There seem to be few cars for a city this size, but that is made possible by a public transportation network that weaves into the fabric of Lisbon. In addition to buses, there are at least five scales of electrified railway servicing the city. They are:

1. High Speed Rail. Though not as fast as France’s TGV or Spain’s AVE, Portugal’s intercity trains stop at the main train stations and connect to other large Portuguese cities such as Oporto as well as cities in Spain and France. Feeding into these train stations are both commuter railways and subways. Intercity and commuter railways are known as “comboios.” 

2. Commuter Railways. These trains feed into several stations distributed about the city. Trains go to the seaside town of Cascais, to the mountain retreat of SIntra, and to other towns along the Tagus.
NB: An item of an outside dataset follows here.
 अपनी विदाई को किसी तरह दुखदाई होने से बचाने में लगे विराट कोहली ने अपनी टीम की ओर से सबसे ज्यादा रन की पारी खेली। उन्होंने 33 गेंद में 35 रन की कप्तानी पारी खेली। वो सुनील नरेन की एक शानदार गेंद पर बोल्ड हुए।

Within the City limits of Lisbon, these trains have more frequent stops and are used like a subway. 

3. Subway. There are several lines that follow the main corridors that radiate from the core of the city (Cidade Baixa) and the Port. These all have transfer points with larger train stations and tram and bus terminals. 

4. Streetcars. There are sleek, articulated street cars that glide along several large streets in the city center. 
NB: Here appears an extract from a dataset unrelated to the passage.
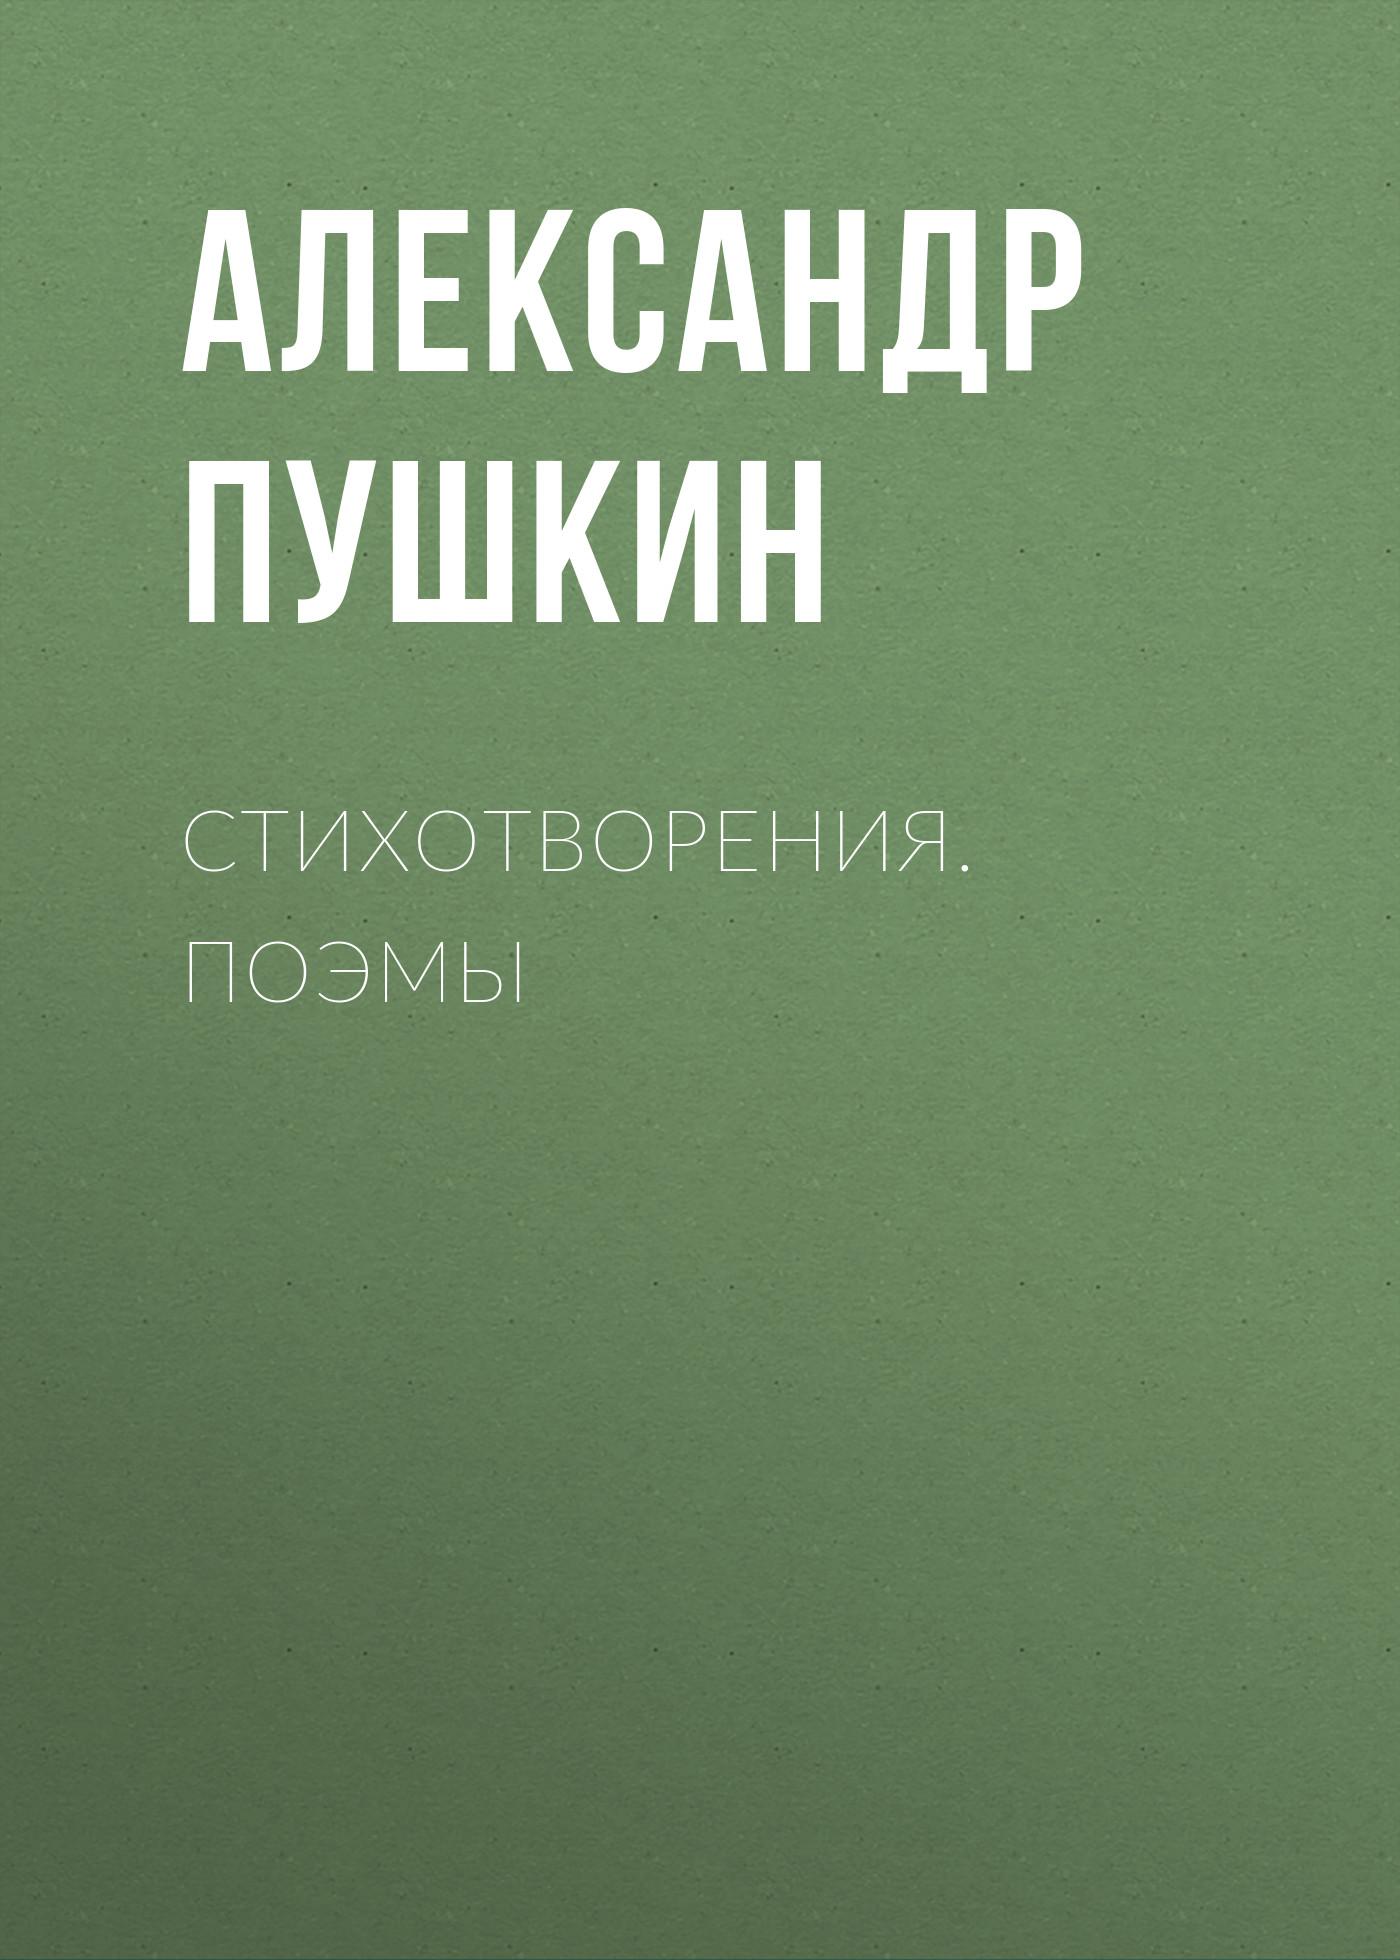 Александр Пушкин Стихотворения. Поэмы александр пушкин стихотворения поэмы

5. Trams (known as “eléctricos”). Trams are charming, single-vehicle, antique trains that are integrated into the streetscape in unexpected ways. Tracks cross lanes of traffic, public squares, and may even move onto and off the sidewalks. Cars are short, narrow, and light, compared to modern streetcars, enabling them to navigate the medieval fabric and challenging slopes of the old city.

Though we appreciate all of the different trains, we look for excuses to ride the trams. We stand at the spacious rear of the tram, which feels like a bay window. On the tighter curves we are worried that the tram may scrape a building. Though the streetwall is solid and tall, we know from our visit to the castle when we looked down on the city that there are generous gardens behind some of these doors. A loquat tree in bloom is withholding its fruit until the orange trees have been picked. The fruits of Africa, Brazil, and Asia have joined the European fig and olive trees in the gardens of the Alfama. All of these fruits are arranged in neat boxes in a produce stand in the main square of the Graça neighborhood.

The tram driver has paused at the turnabout here in order to pick up passengers. While we wait, we can catch the smell of kale soup, bacalhau à Brás, and chouriço being prepared, the clang of a simmering copper cataplana, or a verse of Fado music drifting down from the upper floors. Is there a more exhilarating trolley ride than Number 28, between the Chiado’s Largo de Camões and ancient Alfama? Judging from the conversations overheard on the tram, it seems as if all of the different colonies visited by the navigators have begun to return to colonize Lisbon.

The tram’s interior is varnished wood on both the benches and the floor. Outside are glimpses of the Tagus River. The echoes of centuries of Arab culture are discernible in the jagged outline of Castelo de São Jorge looming above the Alfama. On the tram we can hear the distinctive accents of two African gentlemen talking. One is from Angola, the other from Moçambique. Or is the accent from Cape Verde? But at the next stop, a student from Macau or Goa or East Timor may climb aboard. The senses are awakened by the life brought close to us by the dimensions of the streetscape and by a shared journey in this agile yellow tram.